Code Block 2: Analysis code

These are all of the analysis commands used in this post.

You'll need the following packages: plyr, dplyr, tidytext, ggplot2, corrplot, textdata, GPArotation, candisc . You could install those packages, if needed, with this command: install.packages(c("plyr", "dplyr", "tidytext", "ggplot2", "corrplot", "textdata", "GPArotation", "candisc"))

Note if you have a Mac: depending on your system details, you also might need the XQuartz system (for package dependency reasons that are somewhat unclear). If you get a bunch of "rgl" errors, you'll know that you need it.

## https://quantuxblog.com/multidimensional-sentiment-analysis-part-2
## all the code for Sentiment Analysis part 2
## ... except for the separate CPM functions in code block 1

## Load coded sentiment data, from blog part 1:
## https://quantuxblog.com/multidimensional-sentiment-analysis-part-1
shake.sent <- readRDS(url("https://quantuxbook.com/misc/shakespeare-sentiment.Rds"))
head(shake.sent)

## correlations among sentiments
library(corrplot)
corrplot.mixed(cor(shake.sent[ , c(-11, -12)]),  # -11 to remove name of the work, -12 to remove sum
               upper="ellipse", 
               upper.col=colorRampPalette(c("red","lightgoldenrod","darkblue"))(200),
               lower.col=colorRampPalette(c("red","lightgoldenrod","darkblue"))(200),
               tl.cex=1, tl.pos="lt", diag="u",
               number.cex=0.8, 
               order="hclust")

## exploratory factor analysis (example)
library(GPArotation)  # install if needed
# try a 4 factor solution
factanal(shake.sent[ , c(-11, -12)], factors=4, rotation = "oblimin")

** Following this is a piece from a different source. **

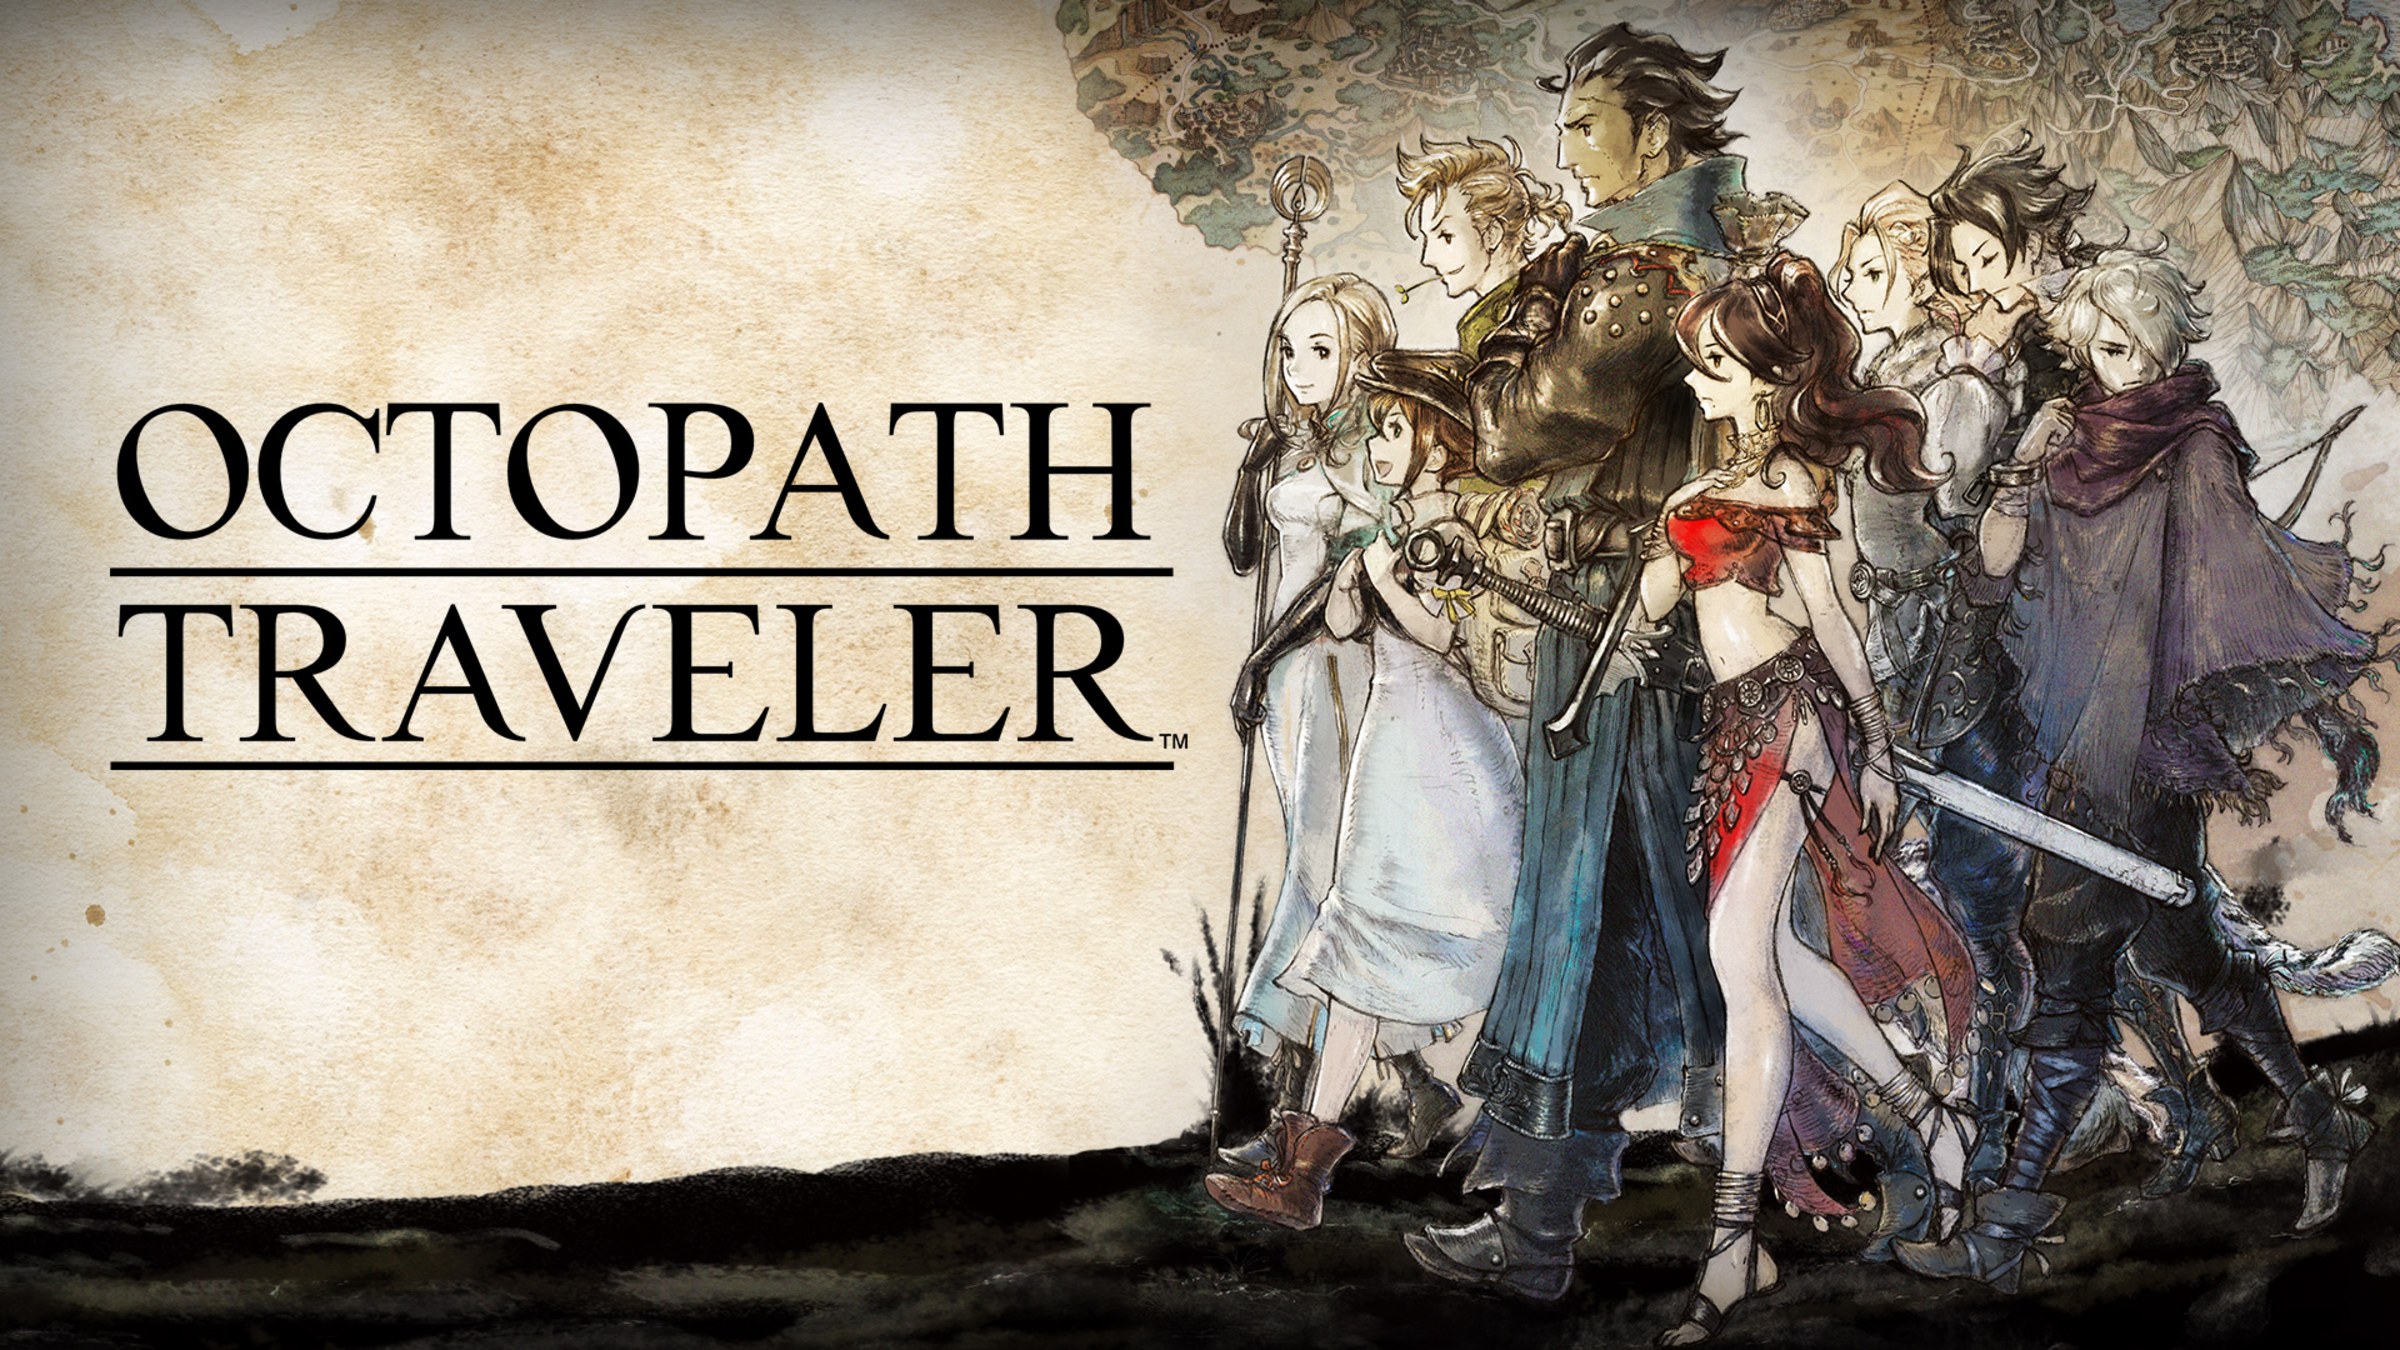 Octopath Traveler™ for Nintendo Switch - Official Nintendo Site

## PERCEPTUAL MAP of the works vs sentiment dimensions
## Be sure to source the CPM functions in Code Block 1 above, or will get errors

# on some systems, e.g., Macbook with M2 and OS Sonoma, 
# this requires installation of XQuartz for somewhat opaque reasons
# ==> https://www.xquartz.org

# set up the data
sent.ratings <- shake.sent[ , 1:11]   # just ratings + platform
# keep only the rows where there is some sentiment
sent.ratings <- sent.ratings[rowSums(sent.ratings[ , 1:10]) > 0, ]
head(sent.ratings)

# overall totals
aggregate(. ~ Work, data=sent.ratings, mean)

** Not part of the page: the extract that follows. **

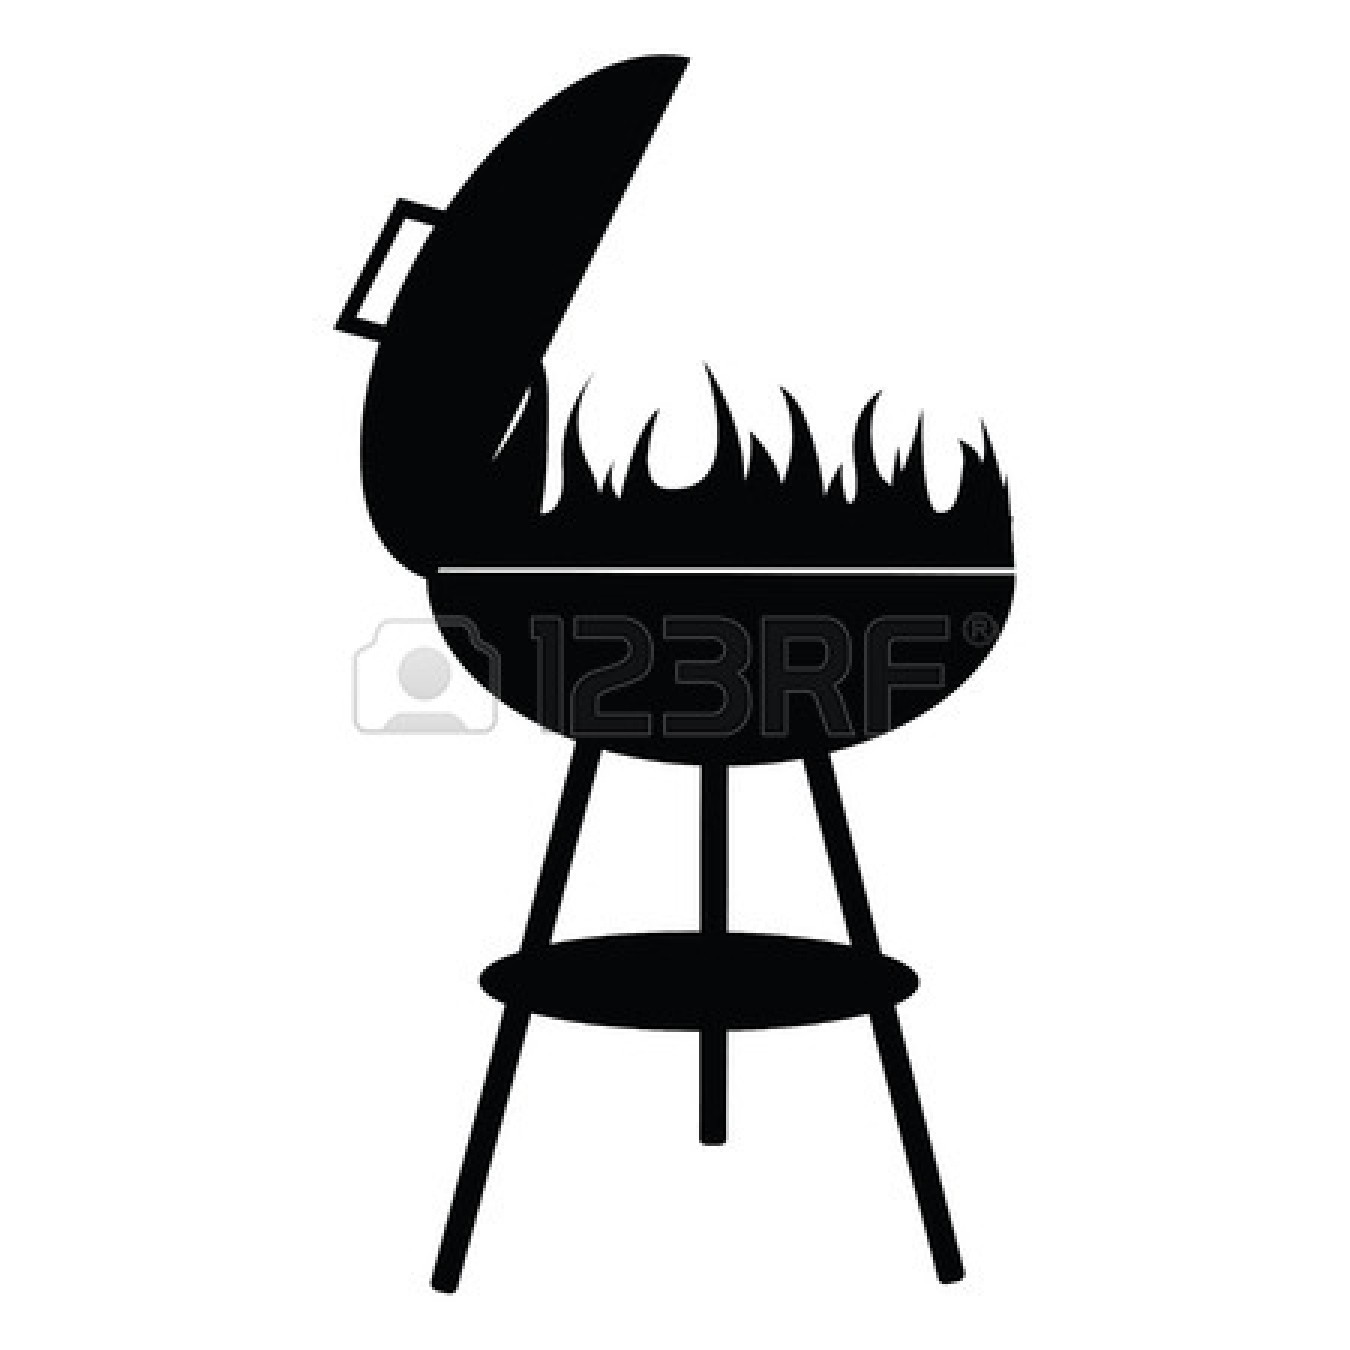 Bbq Grill Clipart - bbq grill clipart black and white. bbq grill clipar...

# plot dimensions only, and excluding the Sonnets
p <- cpm.plot(subset(sent.ratings, Work  != "Sonnets"), 
              "Work", names(sent.ratings[1:10]),
              plot.scatter=FALSE, plot.CI=FALSE,
              offset=0.05, 
              plot.brands = TRUE, aspect.lock = TRUE,
              zoom.out = 0.3, rotate = 20, 
              title.main = "Perceptual Map, Five Shakespeare Works")
p